Participant Patricia Giebel of Detroit marveled at the turnout and the level of activism among the women she met. “I’m overwhelmed with the number of women that made it here this weekend,” Giebel said. “I found that a lot of the women have important roles in the churches.”

Midway in the conference hundreds of those women praised God in spirited song and prayer, then warmly welcomed Diana Hayes, who delivered an address on “The State of Black Women in the Catholic Faith.”

Despite racial, gender, class and religious biases, black Catholic women’s spirituality still exists because of their female ancestors’ commitment to Catholicism, said Hays, associate professor of theology at Georgetown University.

Black women were the keepers of the faith, she said. “We as women have been a part of this church from the very beginning and have influenced it since then. It was the women who passed down the songs, stories and prayers of their people to the children and their children’s children.” Being forced to sit in the back pews of churches, being last in line to receive Communion, even being denied the opportunity to send their children to diocesan schools didn’t dissuade them, Hays said.

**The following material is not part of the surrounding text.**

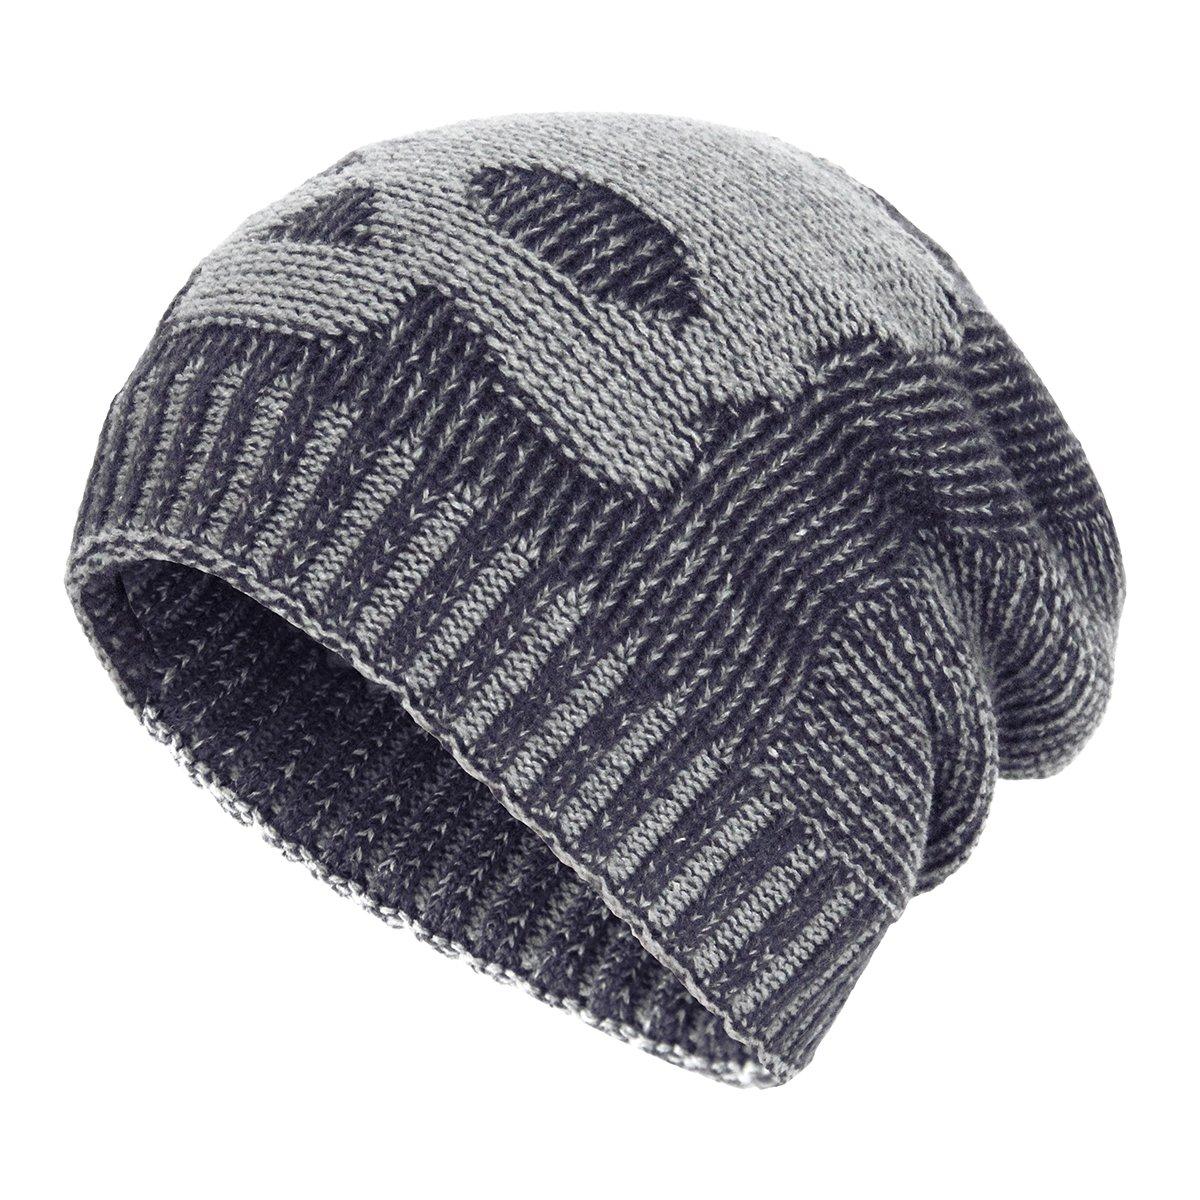 1bd4095196b OMECHY Winter Slouchy Beanie Hats Unisex Skull Knit Wool Ski Cap Hat ...

“Somehow, our foremothers persisted in their faith. They did not suffer these indignities quietly. They walked out,” she said, and helped raise money to build their own churches and schools.

Though black women’s spirituality has endured, it’s clearly in need of renewal, she told participants. A commitment to faith once grounded in community has been uprooted. Over the years, “too many of us chose to follow alien ways and false gods,” Hays said, seduced by “the siren song of fame, fortune and power.”

“We are losing our people,” she said, noting that blacks are leaving the church to become Muslims, Protestants and Buddhists.

People who do not understand the role blacks have played in the church have called her “a traitor to the black community” for converting to Catholicism, Hays said. “We must address this ignorance” by once again teaching children about blacks’ impact on Catholicism. “If we do not regain these roots that have sustained us, we are doomed.”

To reclaim that spirituality, black women must not waste time blaming God or anyone else for their plight. Still, she said, obstacles exist within the church today, from the closing of black Catholic churches and schools to a mostly white leadership that does not reflect its multicultural parishioners.

“We must no longer allow a Eurocentric, uniform model of religion to exist. We are not all alike,” Hays said. “Today, we must not let our voices be silenced or marginalized.”

Despite having condemned racism and sexism, Hays said, the Catholic church still engages in them.

“The church still has the tendency to play one group against another” -- men against women, blacks against Latinos, clergy against laity. Of particular concern, she said, is the church’s focus on Latinos at the expense of blacks.

“There is too much that needs to be done for us to divide along” such lines, Hays said. “That is why a gathering like this is so important.”

Instead of relying on others, Hays urged the audience to resuscitate the spirit of the early church.

“We must continue to be the voices that speak when others fear to. We are the weavers of our future’s tapestry. Sisters, it is time for us to leave the pity party. To stop calling on others to do for us what we can do for ourselves.”

The gathering concluded with a Mass celebrated by Curlin.

“It turned out to be all we hoped -- energizing, spiritual and emotional,” Carol White, an administrator with the San Antonio archdiocese and an organizer of the meeting, told The Charlotte Observer. Participants called for black women “to continue the liberation of black people by pursuing ministerial roles in the Catholic church.”

“We are hoping now to create an arena for our voices to be heard in the church,” White said.